Using the material below, print a verbatim copy of every line from the one containing "Поздравления с днем свадьбы роз" through the one containing "beyaz kare kutuda makaron ve güller", inclusive, and omit the pictures.

[RECORDS TO USE]

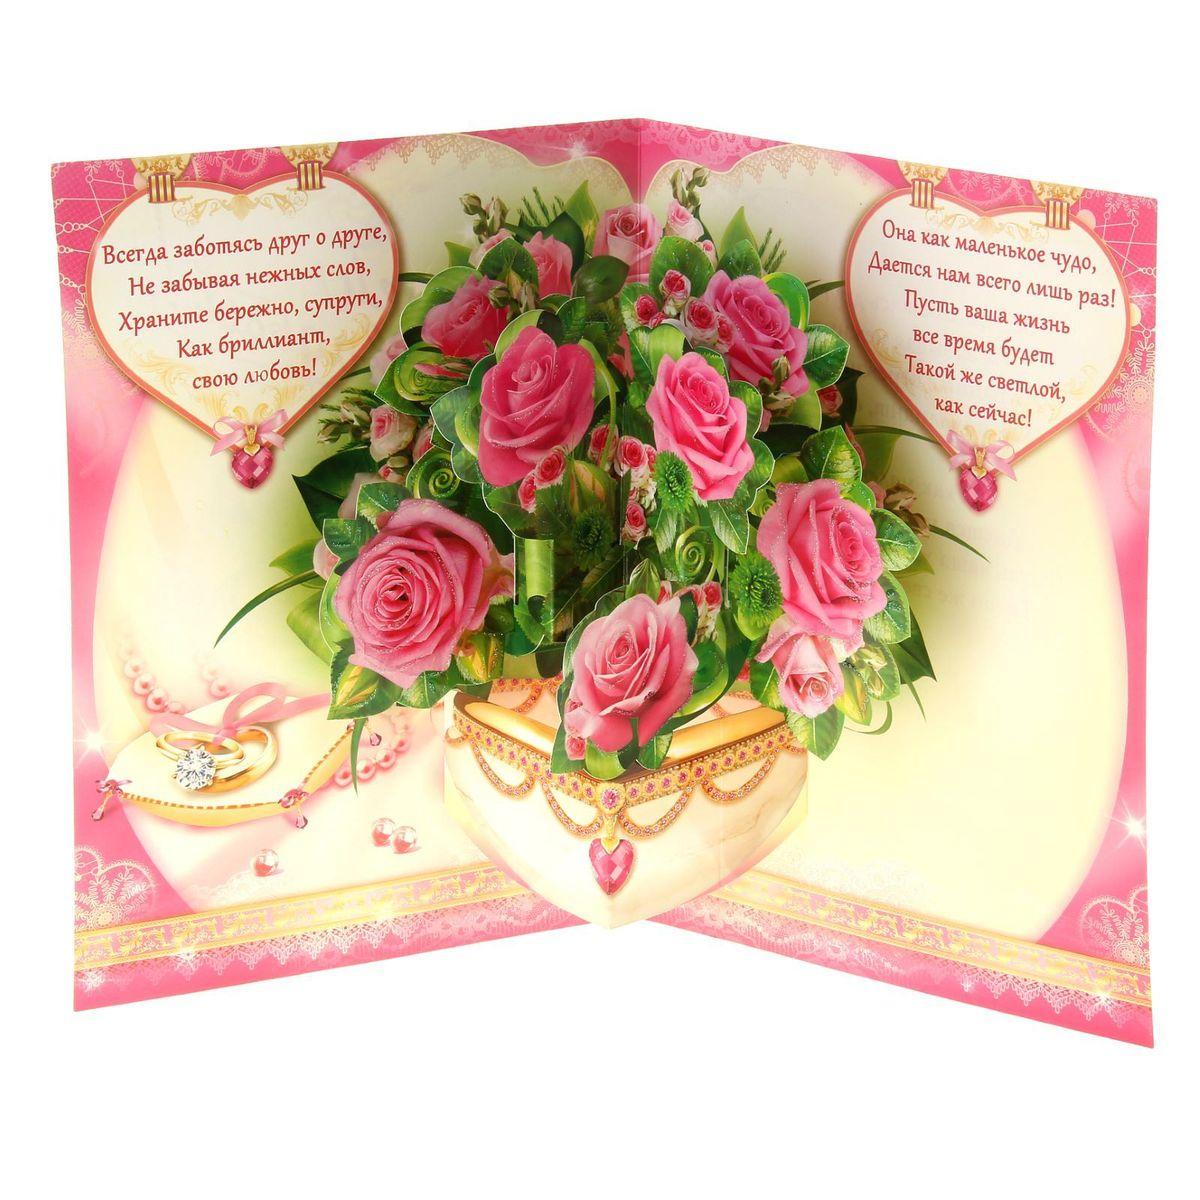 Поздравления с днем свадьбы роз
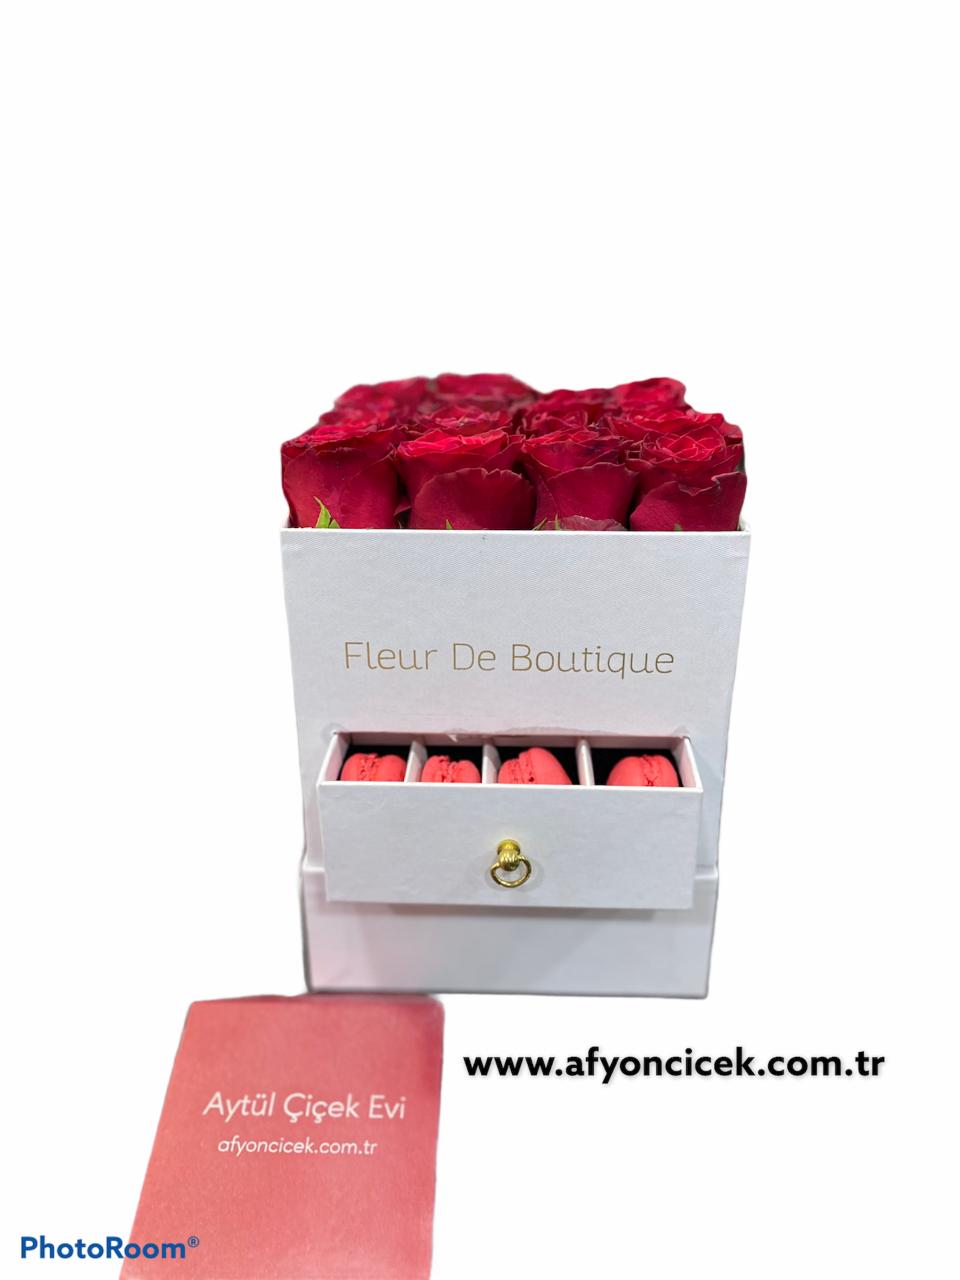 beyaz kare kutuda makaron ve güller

[/RECORDS TO USE]
[RECORDS TO USE]

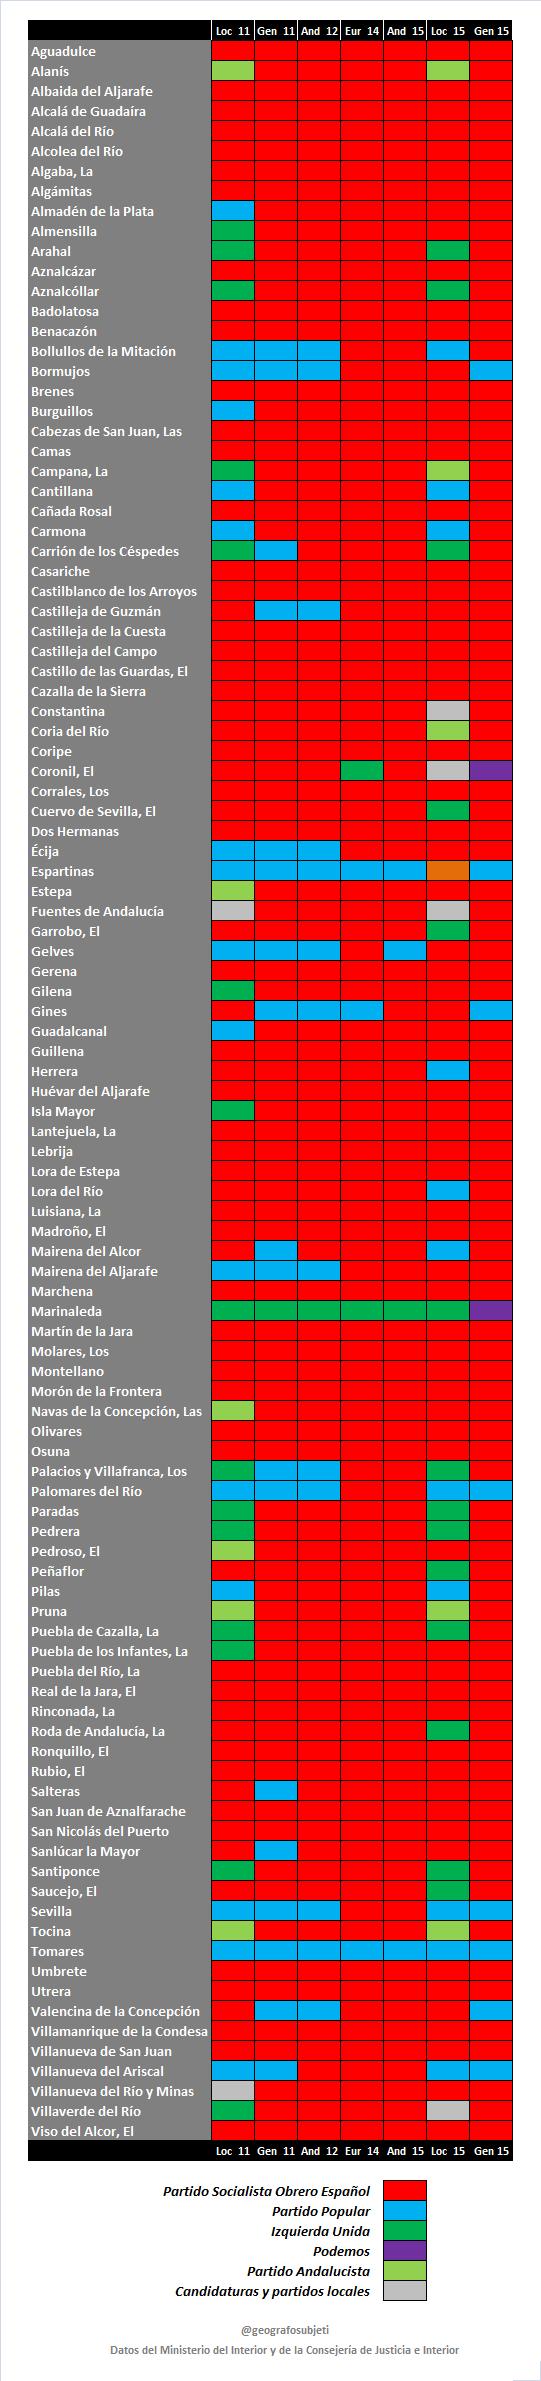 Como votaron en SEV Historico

[/RECORDS TO USE]

__OUTPUT FOR THIS TASK__:
 Поздравления с днем свадьбы роз
 beyaz kare kutuda makaron ve güller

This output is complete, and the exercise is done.